Let’s start by looking closely at the paper, which suggested that as many as half of all employers would seriously readjust their employee benefits and as many as a third would drop coverage altogether once the health law took full effect in 2014. The theory behind the claim was that employers would find it financially advantageous to stop offering insurance because workers could instead get subsidized coverage through the new insurance exchanges. In other words, workers would happily take salaries — instead of insurance — from their employers. Even though firms that employ more than 50 employees — which account the majority of American jobs — would have to pay a penalty for failing to offer health benefits, the McKinsey consultants said, the financial advantages of dropping coverage would more than offset that cost.
But the basis for that prediction was a survey of high-ranking corporate officials. And it turns out the survey had a few weaknesses. For one thing, a quarter of respondents didn’t know the salary breakdowns of their companies — in other words, how many workers were making high salaries and how many were making low salaries. In addition, more than half of respondents weren’t even aware of what their companies spent on health benefits. The survey didn’t ask respondents about the ages of their employees. Were they relatively old? Young? A mix of the two? And when survey administrators “educated” respondents about the health law, they didn’t remind them about the effects of the employer tax exclusion, which makes job-based health insurance worth a lot more to employees.
Surveys asking employers to predict behavior are never that reliable. But these issues make the McKinsey study a particularly poor forecasting tool. In general, younger and poorer workers might be better off getting insurance through the new exchanges, because they will get bigger subsidies from the government and because they benefit less from the tax exclusion. It is a different story for older and richer workers.

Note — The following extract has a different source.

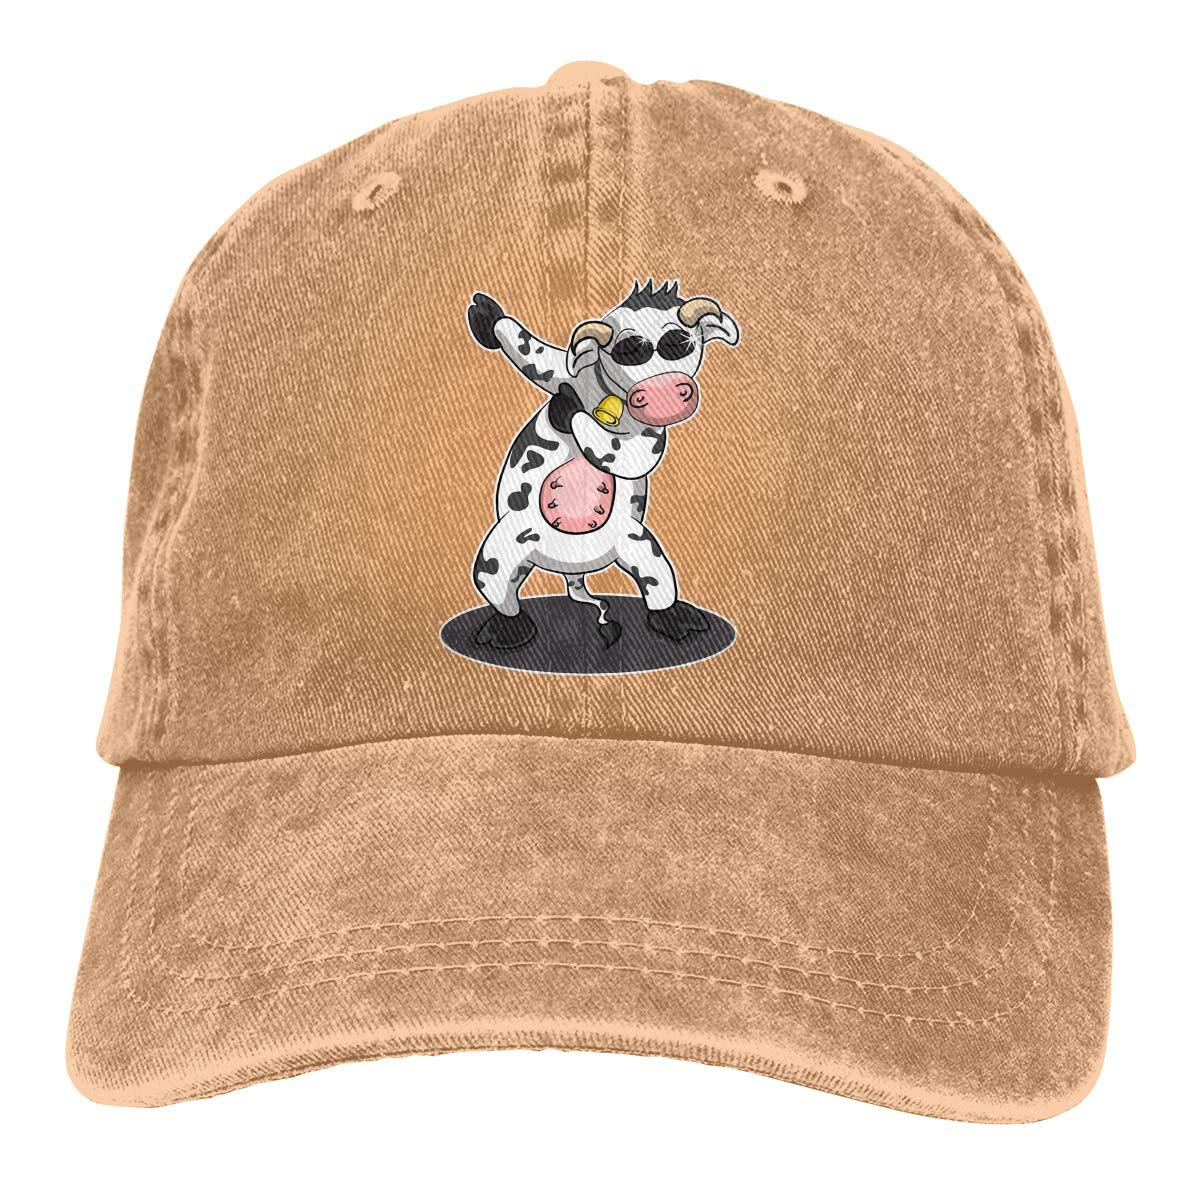 Men Women Dabbing Dancing Cow Funny Vintage Washed Dad Hat Cute Adjustable Baseball Cap

More sophisticated studies of employer behavior account for these and other variables, typically by creating “synthetic” firms and predicting how employers will act, based on data on past employer behavior. Sure enough, these studies have consistently shown a very different result: that the majority of employers will continue to offer health insurance, even after health care reform. In fact, just this week, new analyses by Avalere Consulting and the Robert Wood Johnson Foundation came to the same conclusion. (The basis for the Robert Wood Johnson prediction was another projection from the Urban Institute’s model.)
While these predictions could be wrong, obviously, their findings are consistent with what happened in Massachusetts, where a similar coverage scheme actually bolstered employer-sponsored insurance. Indeed, even McKinsey itself now acknowledges that its study couldn’t make projections as reliably as these other efforts. In its official June 20 press release, it stated flatly that its prediction was “not comparable to the health care research and analysis conducted by others such as the Congressional Budget Office, RAND and the Urban Institute.”
But here’s the irony: Most people like the insurance they get from their employers, which is why you hear politicians from both parties constantly promising to keep that coverage in place. In the long run, though, workplace-based insurance is probably not an arrangement worth preserving.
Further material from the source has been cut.